If rewards were not consistently based on any data available to the agent, not even history, but not random, then there is no way to learn how to predict or optimise rewards.
Similarly for state transitions, if they bear no relation to any information known about the environment, current state or history, but are not random, then there is no way to learn about the non-randomness, and no kind of agent could generate a meaningful policy to take advantage of knowledge about the system, because the knowledge available is not relevant. However, if the current state still influenced what rewards were available to which actions, then a contextual bandit approach might work (plus a supervised learning approach could predict currently available rewards).
When the information about rewards or state transitions is not directly available, but can be inferred or guessed at least partially from history or context, then you can model this as a POMDP.
One common scenario you can face is that you have available some observations about the environment, but are not sure how to construct a state description that has the Markov property. The velocity of an object might be such a detail, when your observations only give you positions. Technically a POMDP and this observation/state mismatch are the same basic issue, if you decided arbitrarily that your observation was the state.

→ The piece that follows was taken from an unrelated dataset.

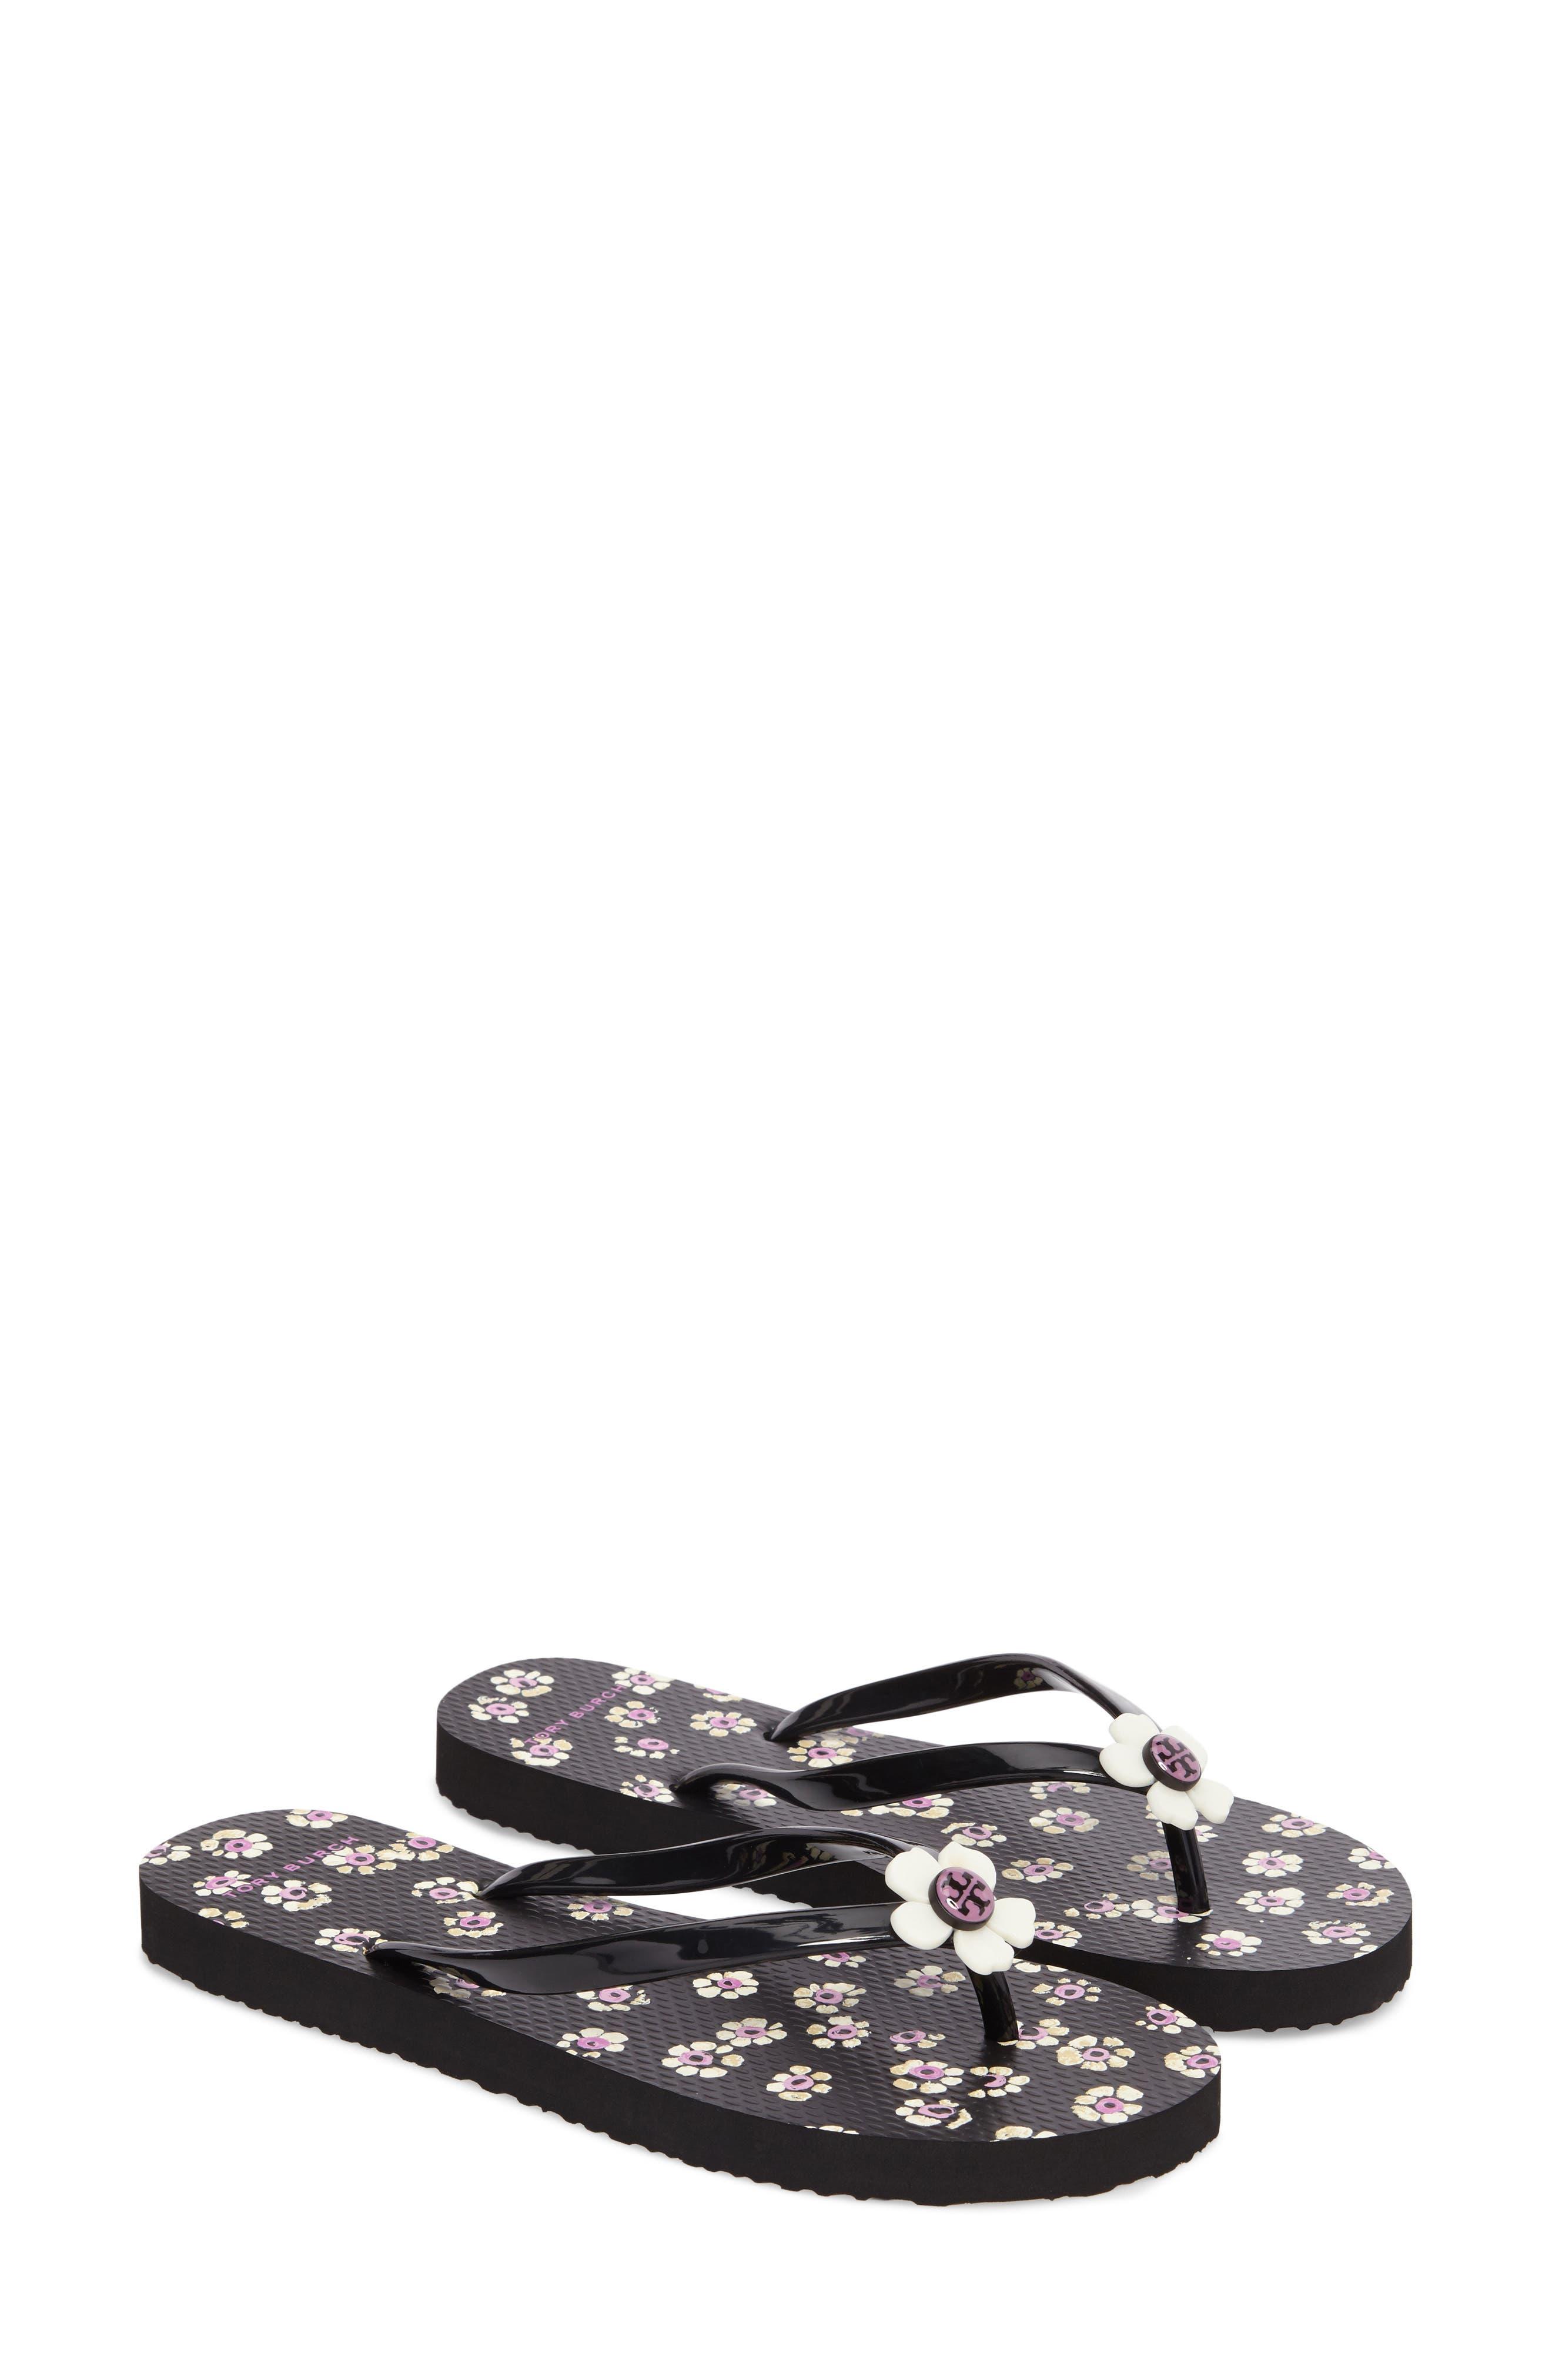 Tory Burch Flower Flip-Flop (Women)

When faced with this mismatch between easily-available observations and a state description based on history that would be more useful, you can either try to engineer useful features, or you can turn to learning models that will infer them. That is where using RNNs can come in useful as part of RL, and they can help with both observation to state mapping and also inferring more complex hidden state variables in POMDPs. Use of hidden markov models to model a "belief state" that augments the observed state is similar to the latter use of RNNs.